Аромат теней
Шрифт:
Так много нужно обсудить, но никакие слова не могут подойти. Поэтому я сказала самое простое и естественное, что пришло в голову.
– Боже, Бен. Ты ужасно выглядишь.
Его полуулыбка была напряженной, как будто он очень давно ею не пользовался.
– А ты выглядишь прекрасно. Как обычно.
Он всегда был угловат, даже мальчиком, но теперь в его лице было больше печали, чем жесткости, и склонность к размышлениям и мечтательности слишком ясно просвечивала в глазах. От жалости я едва не задохнулась.
– Я
Он пожал плечами.
– Я как бы в отпуске.
– Надолго?
– Нет. Просто чтобы привести голову в порядок. – Он сунул руки в карманы и переступил с ноги на ногу. – А как ты, Оливия?

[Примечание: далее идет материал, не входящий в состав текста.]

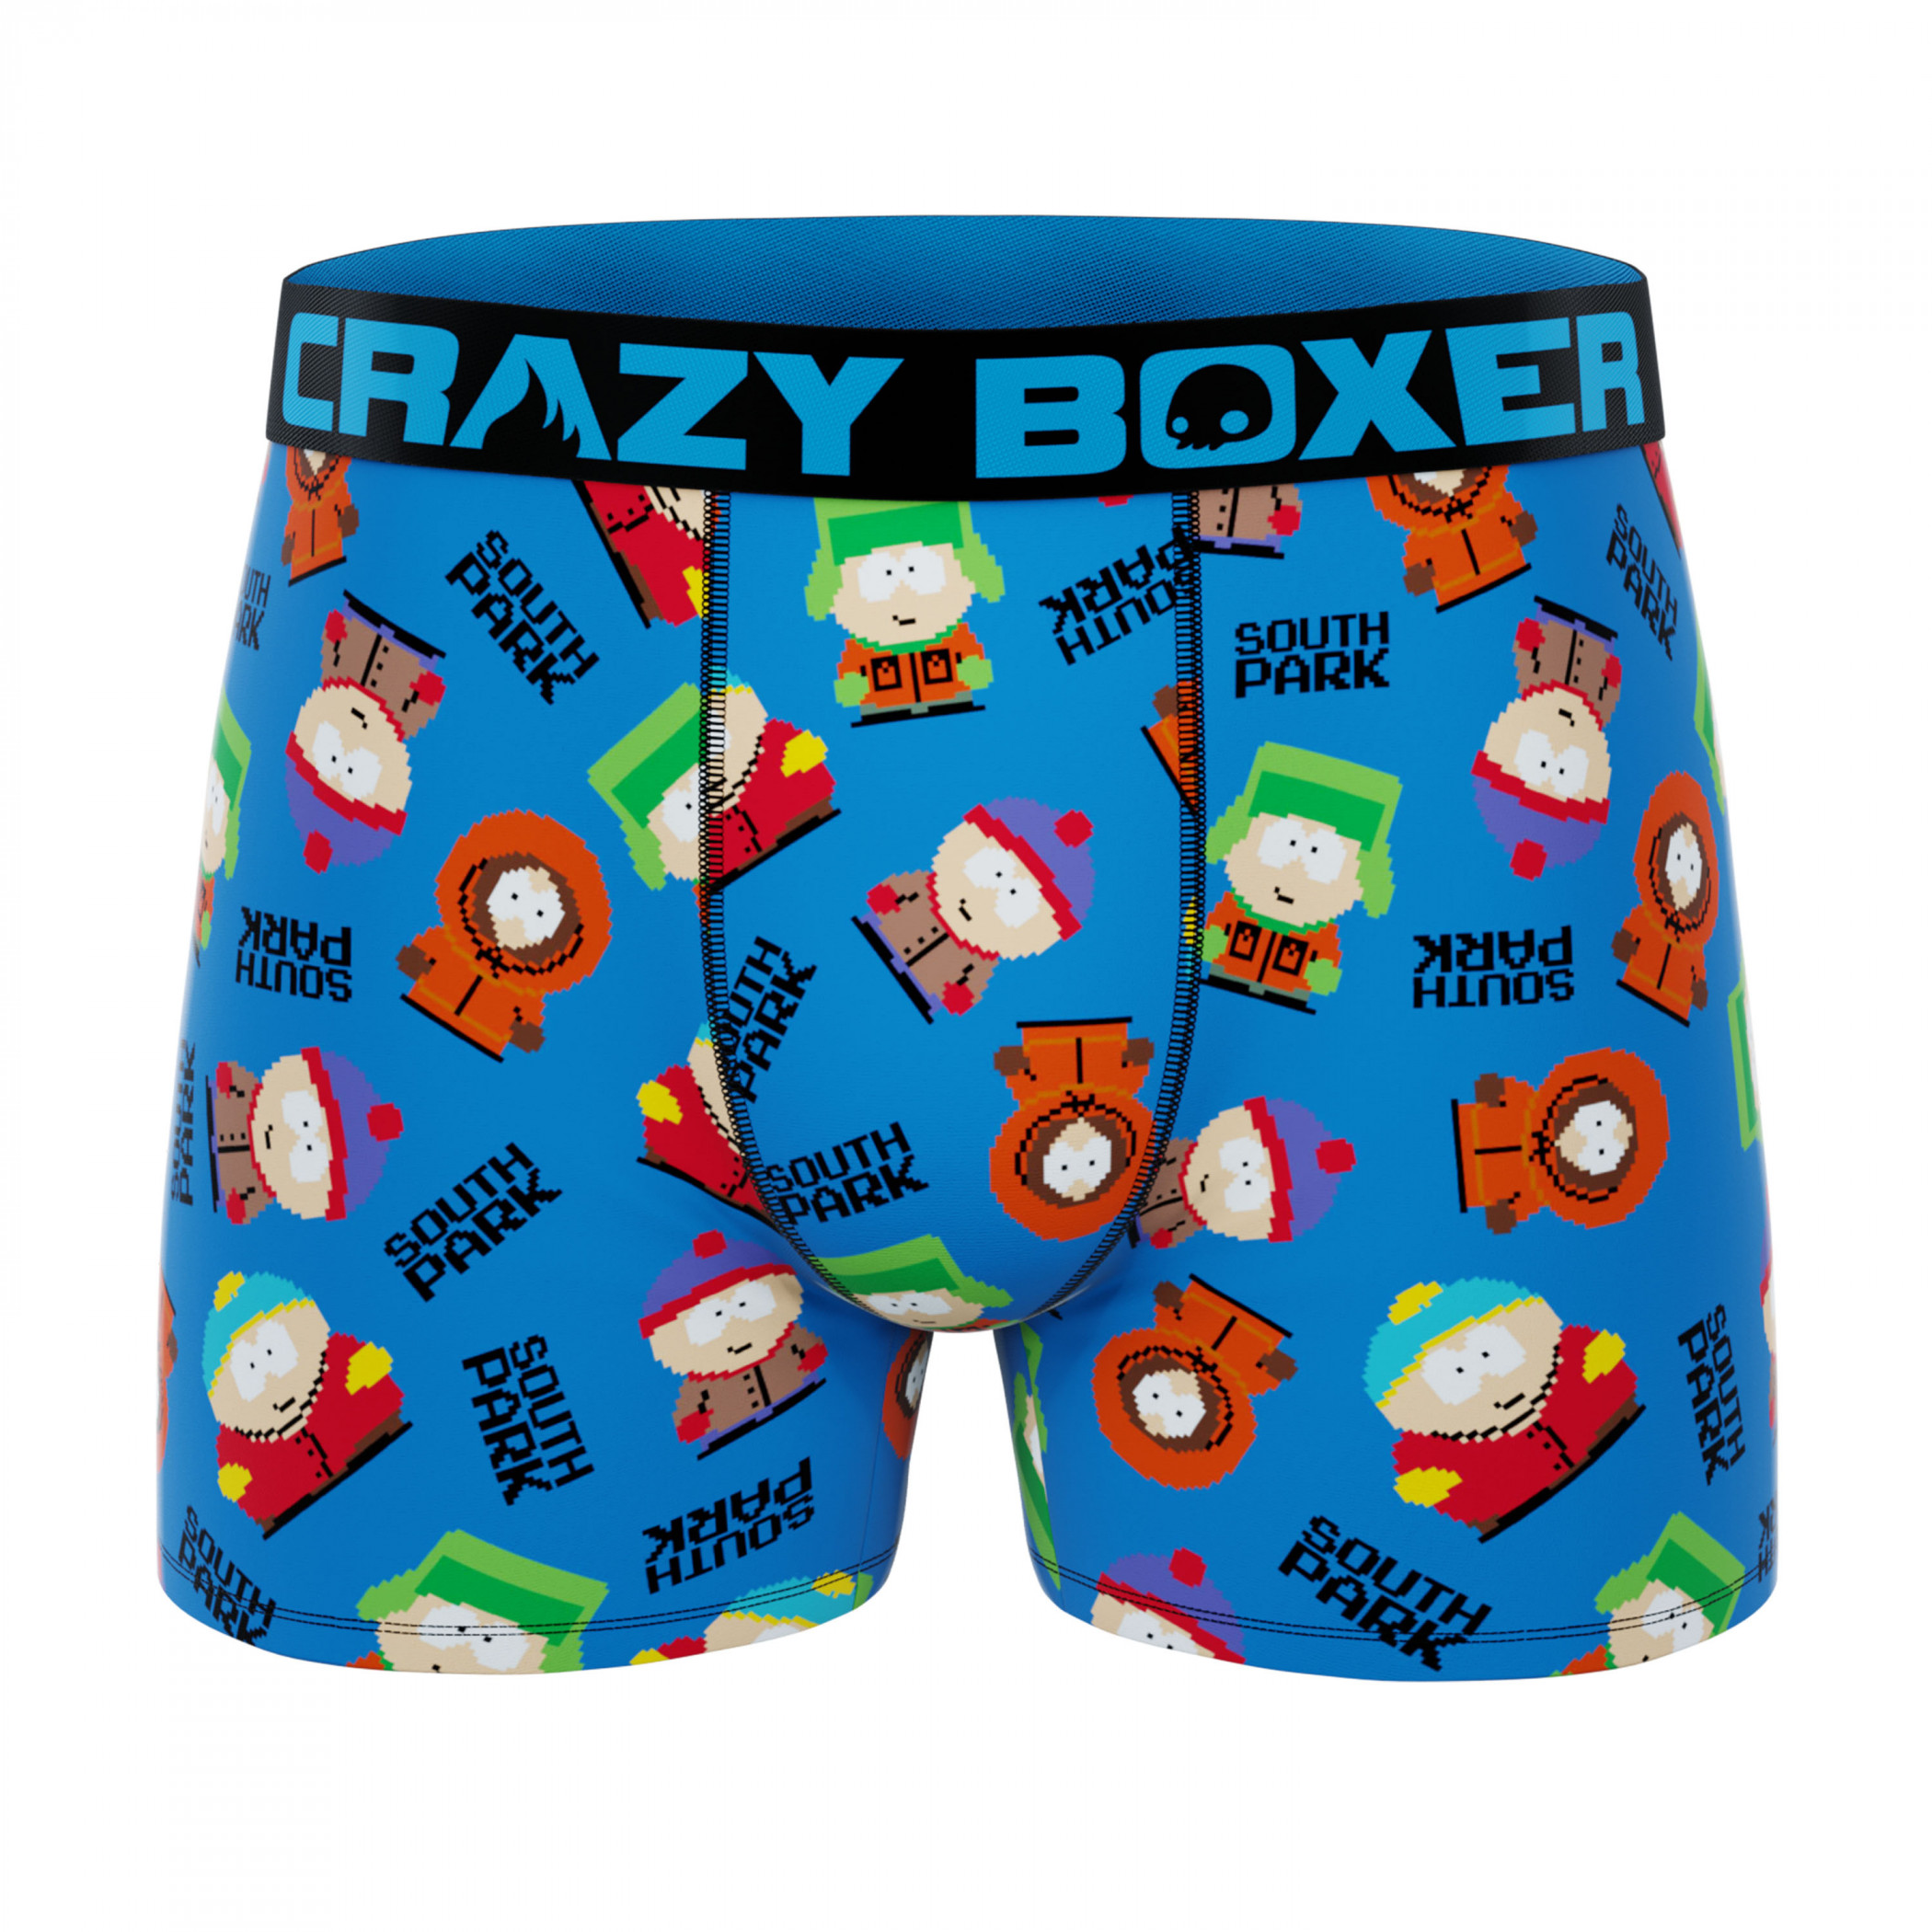 Crazy Boxers South Park School Break Boxer Briefs Blue

Оливия. Будь Оливией. Я глубоко вдохнула.
– Ну… не совсем в своей тарелке, по правде говоря.
– Я знаю, что это такое, – Он провел ладонью по шее. – Сожалею о твоей потере.
Я хотела сказать, что это и его потеря, но слова застряли в горле.

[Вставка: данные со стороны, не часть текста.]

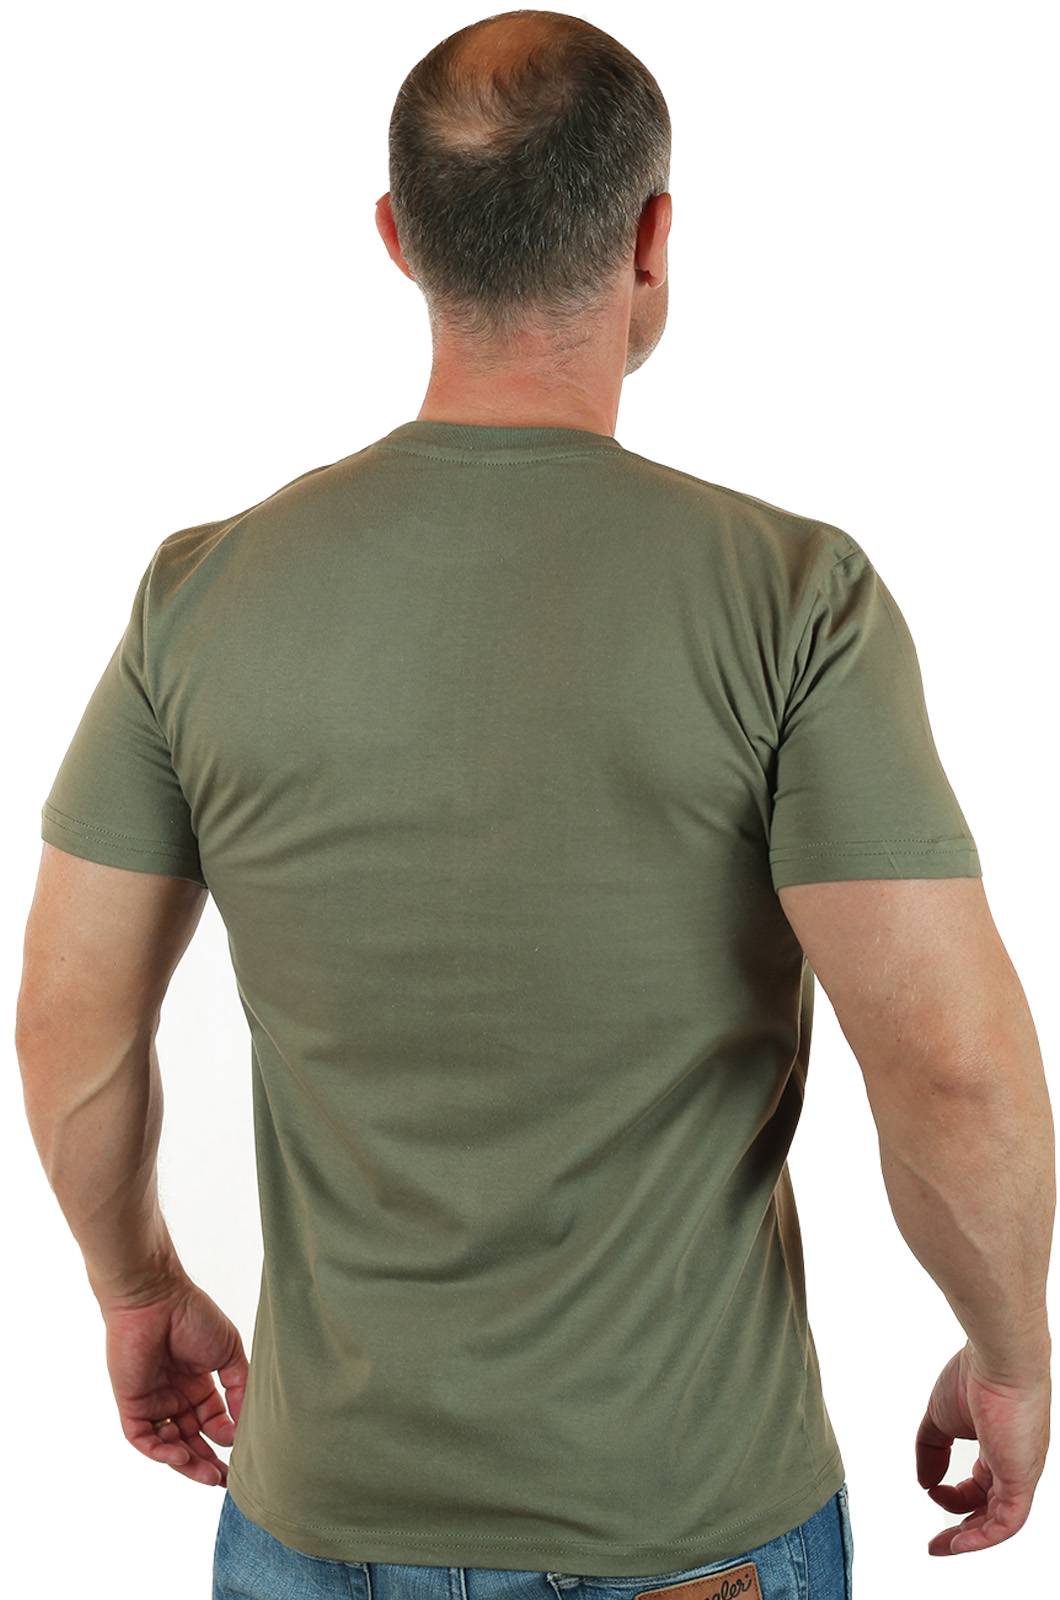 Мужская военная футболка РХБЗ с вышитой нашивкой

– Давно ты следишь за мной?
– Только сегодня. Ну, вчера тоже. Мне почему-то казалось, что ты нуждаешься в защите, но, вероятно, это просто мое чувство вины. – Он рассмеялся, но горько, а не весело. – Я собирался помочь тебе с этими парнями, но ты как будто сама справилась. Тебе, должно быть, постоянно приходится отбиваться.

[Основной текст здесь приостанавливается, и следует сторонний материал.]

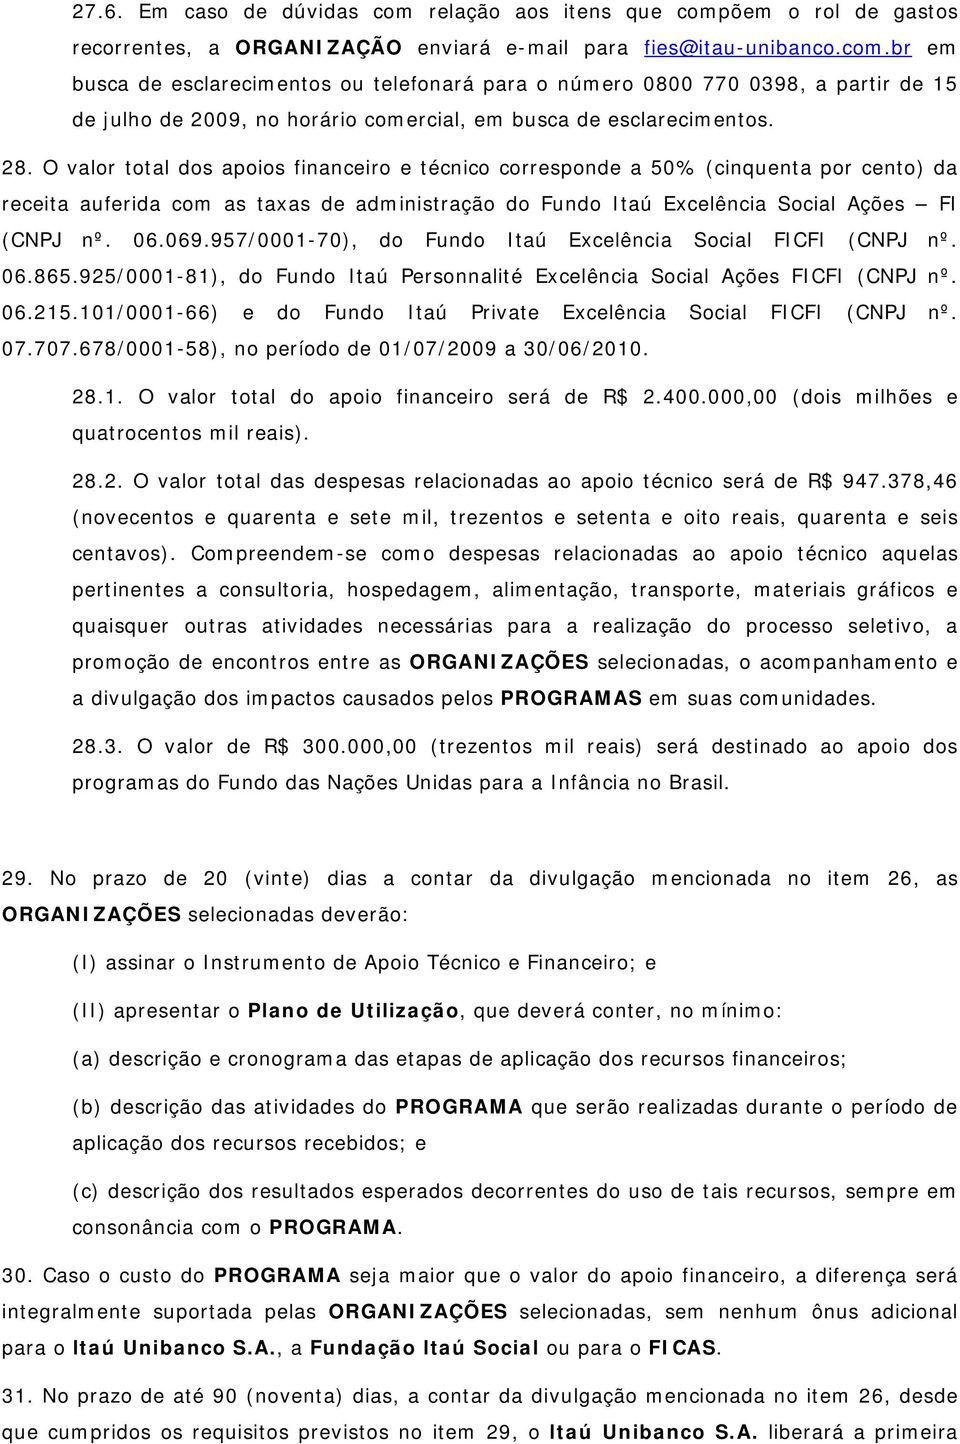 957/0001-70), do Fundo Itaú Excelência Social FICFI (CNPJ nº. 06.865.925/0001-81), do Fundo Itaú Personnalité Excelência Social Ações FICFI (CNPJ nº. 06.215.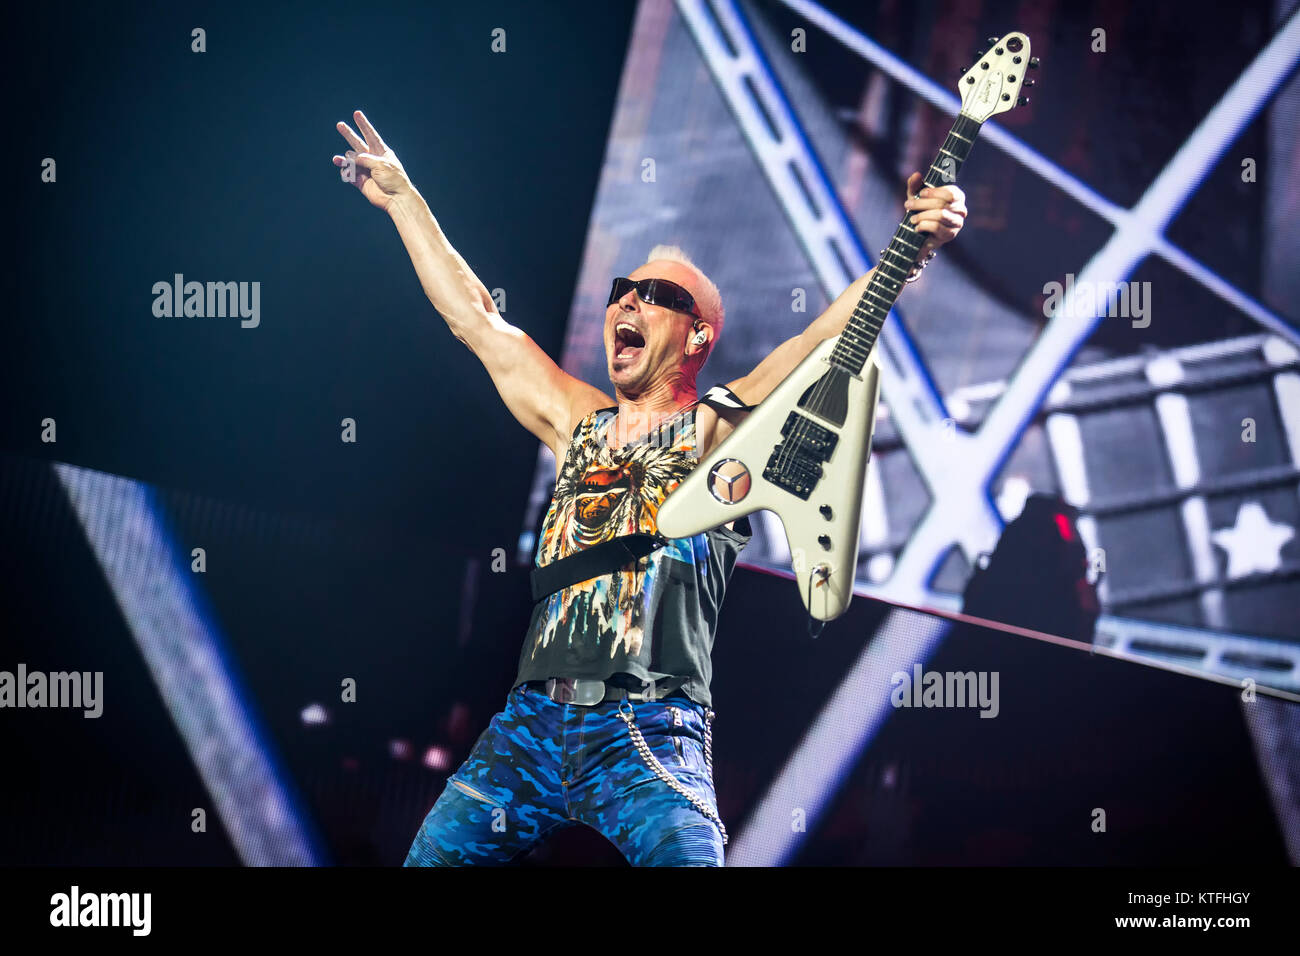 Norvegia, Oslo - Novembre 22, 2017. L'della rock band tedesca Scorpions esegue un concerto dal vivo a Oslo Spektrum. Qui il chitarrista Rudolf Schenker è visto dal vivo sul palco. (Photo credit: Gonzales foto - Terje Dokken). Foto Stock

Да, я о них позаботилась. Я посмотрела на свою обувь, кусочки цемента прилипли к яркой красной коже, и почувствовала, как оживает мое собственное сознание вины. – Тебе что-нибудь нужно, Бен?
– Я… да, пожалуй. – Он пошарил во внутреннем кармане куртки. – Что ты можешь рассказать об этом снимке?
Я поняла, что он собирается мне показать, еще до того, как он достал фото. Снимок со вспышкой, должно быть, сделан в ют вечер, когда Аякс напал на меня в «Валгалле». Я узнала костюм, мешком висящий на его теле. Это я ранила его в плечо: сейчас у него на шее повязка. Дьявол, я через фото чувствую его зловоние.
Я с трудом глотнула и вернула снимок.
– Ужасное освещение. Но по крайней мере у него не лежит подбородок на кулаке. Терпеть не могу такую позу.
– Это полицейская съемка со вспышкой, – сказал Бен сквозь стиснутые зубы. – Ты никогда раньше не встречала этого парня? Уверена, что не знаешь его?
– О боже! – воскликнула я в притворной тревоге. – Неужели это парень из реалити-шоу о свиданиях вслепую.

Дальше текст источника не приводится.